There was much talk about last years "changes" at the university. Surprisingly, nobody seems to be interested anymore in the topic. At least this is the impression that I first got, when I went to the public hearing event at the Meilahti campus. The lecture hall 1 of Haartman Institute, where the hearing was supposed to take place, was completely empty when I arrived. Because only a handful of people had bothered to show up, the hearing had been moved to a table in the nearby Cafeteria.
Hardly noticed by anyone, a review group has started its work to analyze the "changes" at the University of Helsinki, which took place during the last one and a half years. I guess the idea was to figure out what preventable mistakes have been done. According to this university source*, Jukka Kola, who is the public face for many of the controversial decisions during this period, got to decide himself about the members of the review group. Because of this, the review group will have to be very careful not to appear biased in their report.

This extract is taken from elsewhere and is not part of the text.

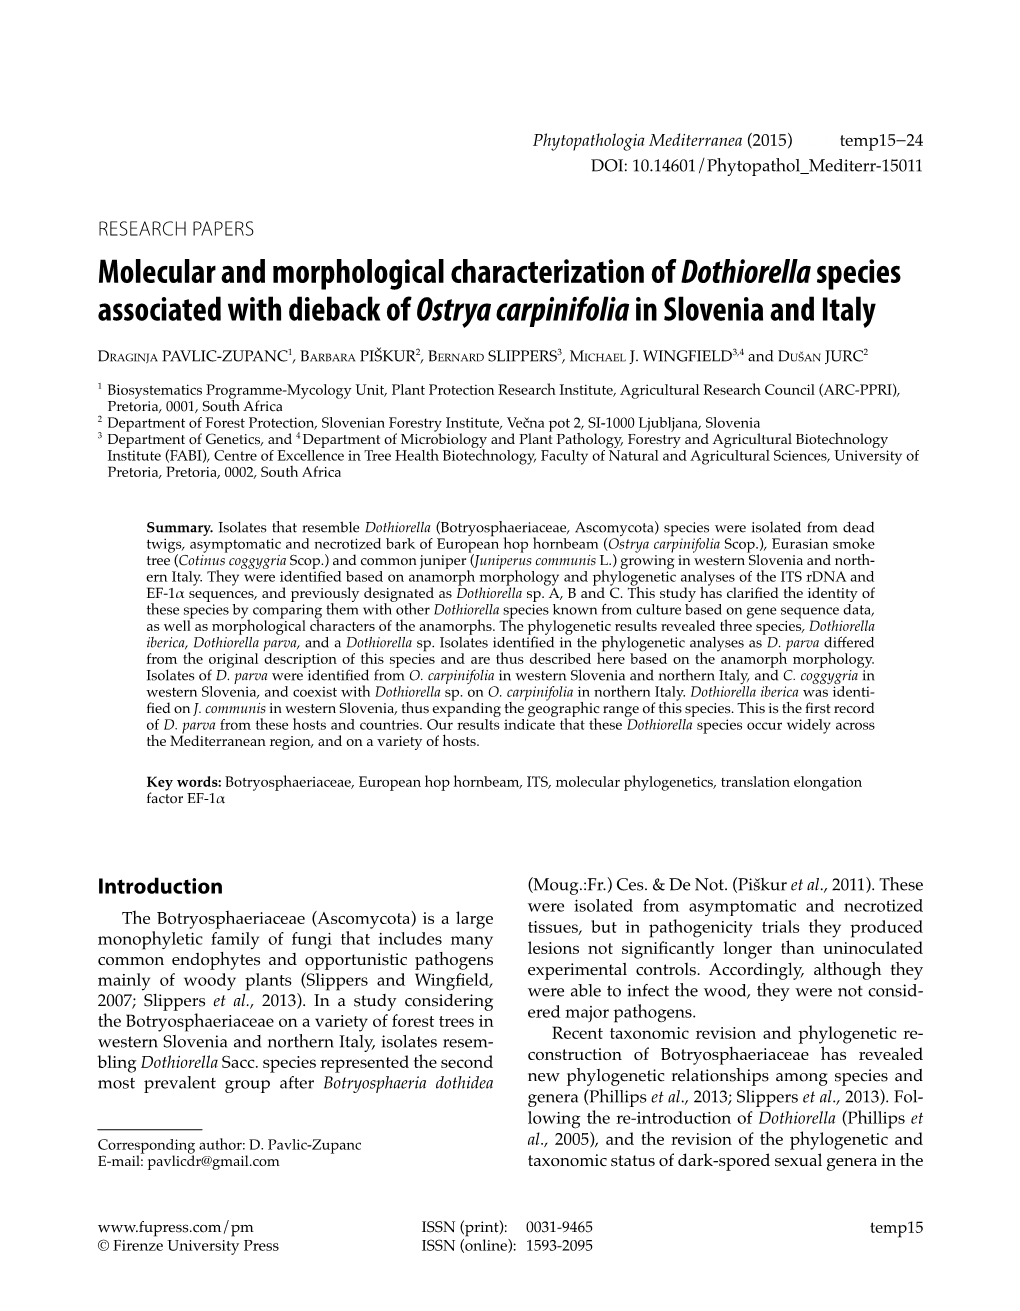 Molecular and Morphological Characterization of Dothiorella Species Associated with Dieback of Ostrya Carpinifolia in Slovenia and Italy

Why did so few people participate in something that important? While public hearing events were organized, there was no general announcement that ensured that all employees got to know about these events. Only people following actively the university news* had the chance to see the announcement*, which came on January 27 (more than 3 months later after the decision by the university government to initiate such a review). Most researchers - including myself - are too busy to follow the university news and if it wasn't for other sources, I would not have known about these public hearings either. Among the few participants, I appeared to be the only one from the "researcher" staff group. This disproportionate participation of different staff groups in the public hearings will create already a massive bias. I also doubt that any of those that lost their jobs or whose contracts were not prolonged participated in any of the public hearings. Another, more sinister explanation for the low turnout would be that participation was regarded as being pointless or even counterproductive.
*Not available from the public internet, but only from inside the university.